Postmarital development is particularly an issue with regard to textbooks which are released in multiple editions. When an edition written entirely after the marriage draws substantially upon material from a prior edition written during the marriage, there is a marital interest in the future edition. The court so held in In re White, 537 N.W.2d 744 (Iowa 1995), awarding the wife 20% of the royalties from the next edition of the husband’s textbook.

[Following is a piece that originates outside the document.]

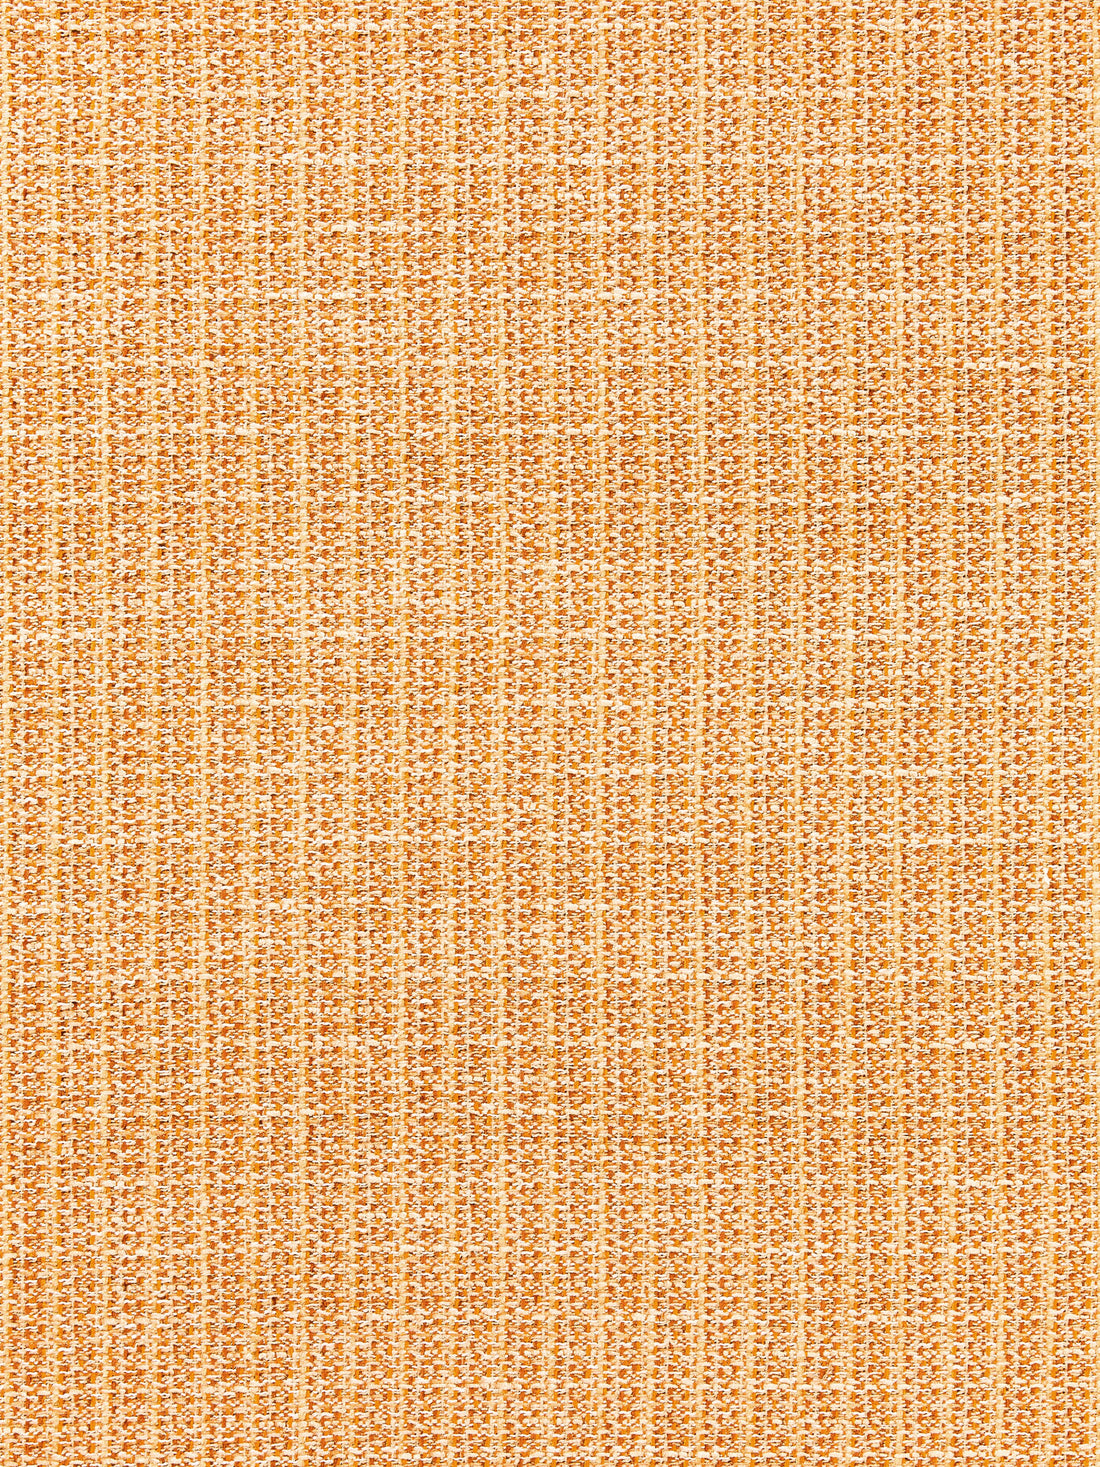 Highland Chenille fabric in sunset color - pattern number SC 000327257 - by Scalamandre in the Scalamandre Fabrics Book 1 collection

Another situation presenting difficult issues of postmarital development is the comic strip or book series involving a continuing set of characters. Here, again, future work is built upon a foundation established during the marriage. There are no reported cases addressing the point directly. A tax case reports that in the divorce case of Peanuts creator Charles M. Schultz the wife received a percentage of net profits declining from 27% to 15% over a period of 10 years to reflect the gradually decreasing role of the marital foundation. Doty & Doty v. Commissioner, 81 T.C. 652 (1983). A similar claim was made by author Tom Clancy’s wife regarding future profits from future works featuring Clancy’s continuing character, Jack Ryan. Judith R. Forman & Vincent M. Waldman, Identifying and Dividing Intellectual Property: Practical Considerations at Marital Dissolution, 1999 Wiley Family Law Update 75 (Eric Pierson, ed., 1999).
Along similar lines, a completely developed invention or work may still produce more income if postmarital efforts are spent marketing it to potential buyers. To the extent that future income is traceable to these marketing efforts, the income is separate property.
The leading case on this point is In re Heinze, 257 Ill. App. 3d 782, 631 N.E.2d 728 (1994). The wife in Heinze wrote during the marriage a series of speech therapy textbooks. After writing the books, she traveled around the country speaking at seminars and undertaking other efforts to promote the textbooks. The court awarded the husband only 25% of the future royalties, reasoning that a significant portion of the royalties would be the product of the wife’s postdivorce promotional efforts. See also In re White, 537 N.W.2d 744 (Iowa 1995) (where husband’s textbook would require substantial future promotional efforts to maintain sales and husband alone would pay taxes on royalties, proper to award wife only 30% of future royalties from present edition and 20% of royalties from next edition).
The court took a slightly different approach in Dunn v. Dunn, 802 P.2d 1314 (Utah Ct. App. 1990). There, the husband traveled for 28 days per year demonstrating the proper use of medical instruments that he invented. He divided the time equally between demonstrating his artificial hip and artificial knee instruments; the wife asserted a marital interest only in the knee instruments. The court ordered that the value of 14 days of the husband’s services be subtracted from the artificial knee instrument royalties, and that the remaining sum be divided equally between the parties. Thus, instead of directly making an unequal division, the court awarded the value of the postmarital services directly to the inventor spouse and then made an equal division of the remaining royalties.